# Air wire Question



## denray (Jan 5, 2008)

I have a T9000 i am installing into a rail bus (goose) I have an Ogaaa horn that works off a reed switch, I would like to work the horn if possible from a button. Does anybody know if I can remove the reed switch and hook the two wires on any of the 1-8 screws to where I can push a button and it would create a Normally Open switch to close while the button is pushed down? 
Thanks Dennis


----------



## Stan Cedarleaf (Jan 2, 2008)

Dennis...... Which sound system are you using?????


----------



## denray (Jan 5, 2008)

Stan
it is just the simple RAM it powers off the battery, I just need a way to trigger it
Thanks Dennis


----------



## Stan Cedarleaf (Jan 2, 2008)

Hmmmmmmmmm........ Not sure about that one, Dennis. I wondering if you would need to use a TF-4 auxiliary module to trigger it. If it's now being triggered by a reed switch, the 2 wires coming from reed switch and going to the RAM sound could be tapped into and connected to the TF-4. I think the TF-4 would need to be connected to the DCC output of the Airwire decoder and programmed to work. I'm not sure about this. Maybe Greg will chime in here with a solution. 

TF-4 link


----------



## denray (Jan 5, 2008)

all it needs to be is just a circut that goes from open to closed, no power needs to come from the air wire reciever 
Dennis


----------



## Bill Swindell (Jan 2, 2008)

If you are using the new G2 receiver, I believe you can hook the sound card input directly to one of the Aux outputs and remap the output to F2 which is a momentary button. You might have ot put an opto-isolator between the receiver and the RAM sound chip.


----------



## John J (Dec 29, 2007)

I asked the same question in the sound card department

Here is the answer I got 

http://www.mylargescale.com/Communi...fault.aspx


----------



## Greg Elmassian (Jan 3, 2008)

Both answers will work. 

Which receiver do you have right now? 

Regards, Greg 

(I use the FL-4 decoders)


----------



## denray (Jan 5, 2008)

Greg 
900 AWD10SS-2530 Reciever 
Dennis


----------



## Greg Elmassian (Jan 3, 2008)

Then the suggestion to use an external function decoder connected to TM4 terminals 4 and 5 is your best bet. 
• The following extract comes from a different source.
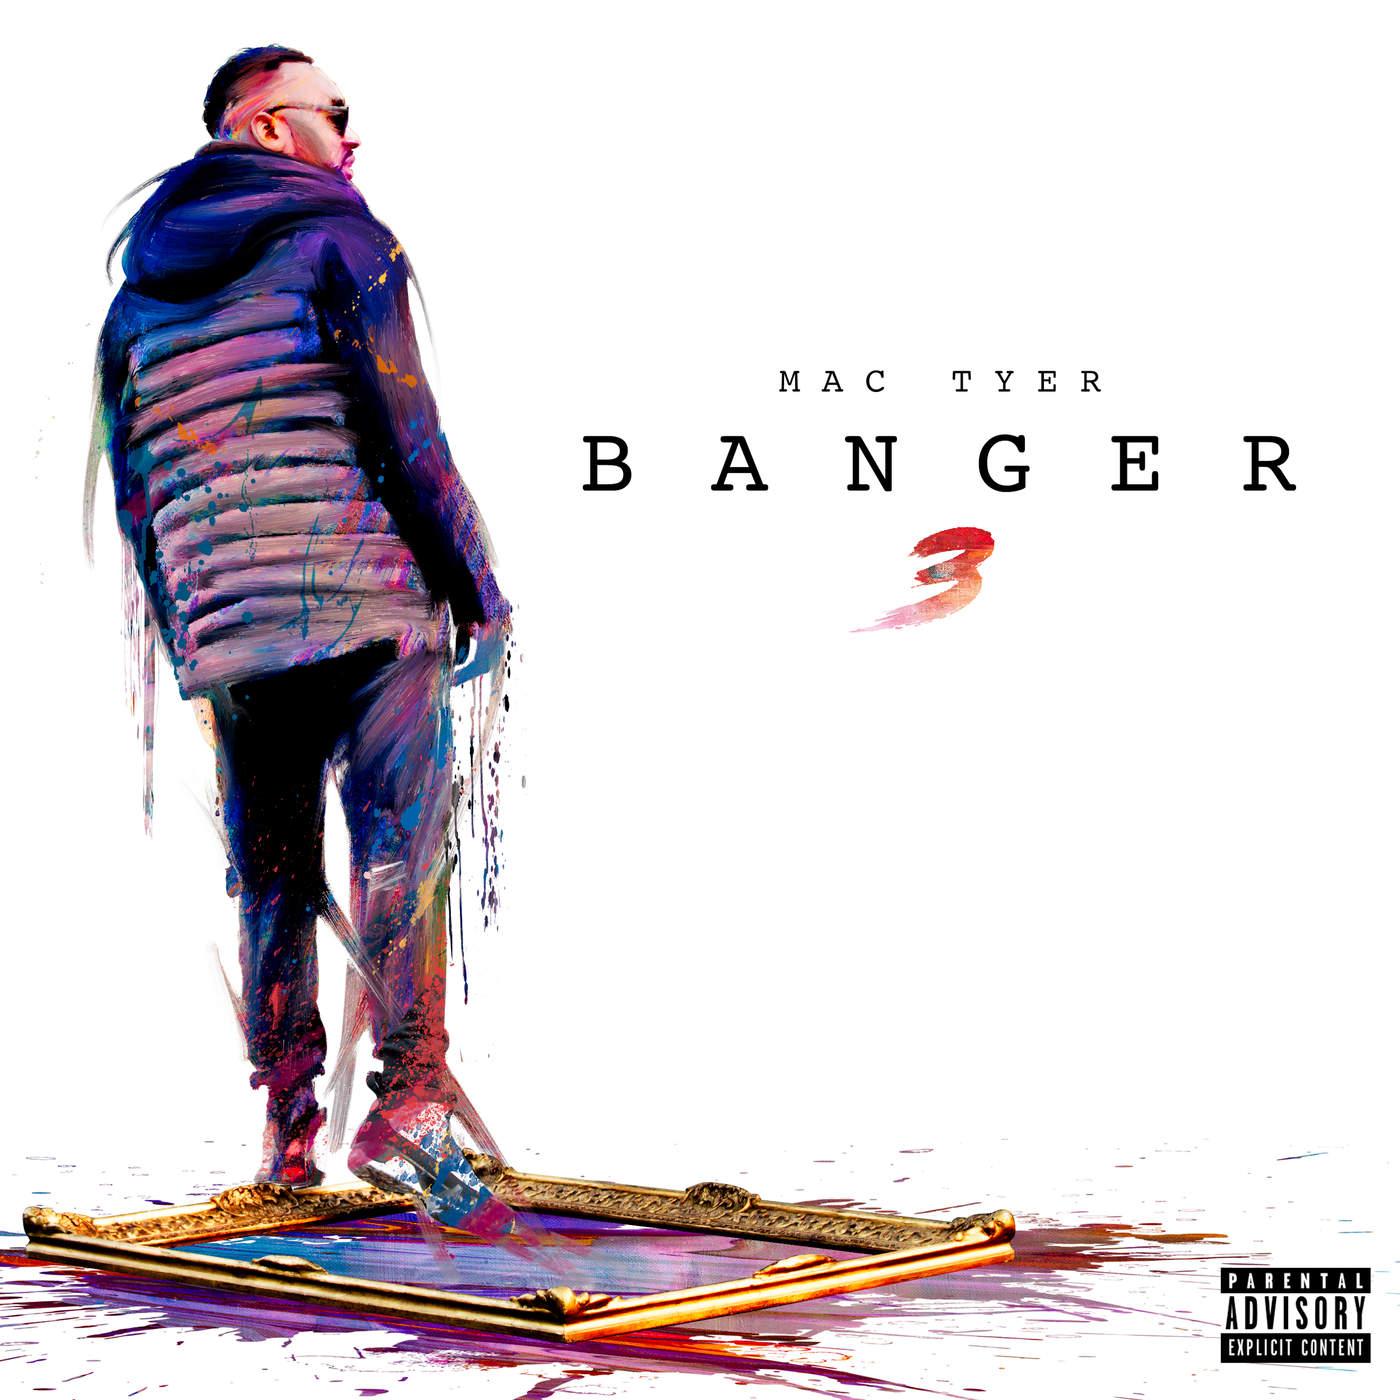 Mac Tyer - Banger 3 Cover

You can get 4 function decoders for about $15..., you probably will be able to hook your sound trigger (if it triggers to ground) directly to one of the function decoder "outputs" and then program it to work on a particular function button. 

You need a DCC buddy, or you need to learn some basic DCC programming... 

Someone might give you the command, probably only one CV needs to be set. 

Regards, Greg


----------



## denray (Jan 5, 2008)

Well Crap something that sounds easy Never Is. Airwire needs to create a circut for something like this. I know nobody that knows DCC, I know just enough about electronics to be dangerous, just the basics. 
So I think magnets on the track will work, Thanks guys, I appreciate your help. 
Dennis


----------



## Greg Elmassian (Jan 3, 2008)

Well, to their credit, they did create the new version with the feature you need. 

The function decoder is no big deal, but if you have never programmed CV's or added a DCC decoder to your Airwire, the biggest hurdle will be wrapping your head around what is going on. 

Once you "get it", it's really quite simple. 

Regards, Greg


----------



## Paul Burch (Jan 2, 2008)

Dennis,
Are you using the smoke output on the Airwire decoder? That is assigned to function 6. A basic on/off function. Take a look at your manual. If you are not using it you could use that to drive a small relay and the contacts on the relay to replace the reed switch. You would have to turn it on and then off for each horn sequence. Basic but should work.


----------



## K27_463 (Jan 2, 2008)

F6 on the OLD decoders is also a high current output. Limited only by the source up to design limits .F6 can drive a smoke unit directly, so it certainly can drive a sound system . No relay required. however, using external 4 function decoder such as the fl-4 or tf4 is both easy and cheap. 
Works very well. No CV programming is required. The function decoder is already mapped to DCC standards and the output wires are color coded to the function you want to activate- bell - whistle etc. 
The D10 ss decoder has a DCC aux output that follows DCc protocols, just follow the wiring instruction included with your 4 function device. For the questioners purpose, he only wants a single function- so f6 is it. 

Jonathan/EMW


----------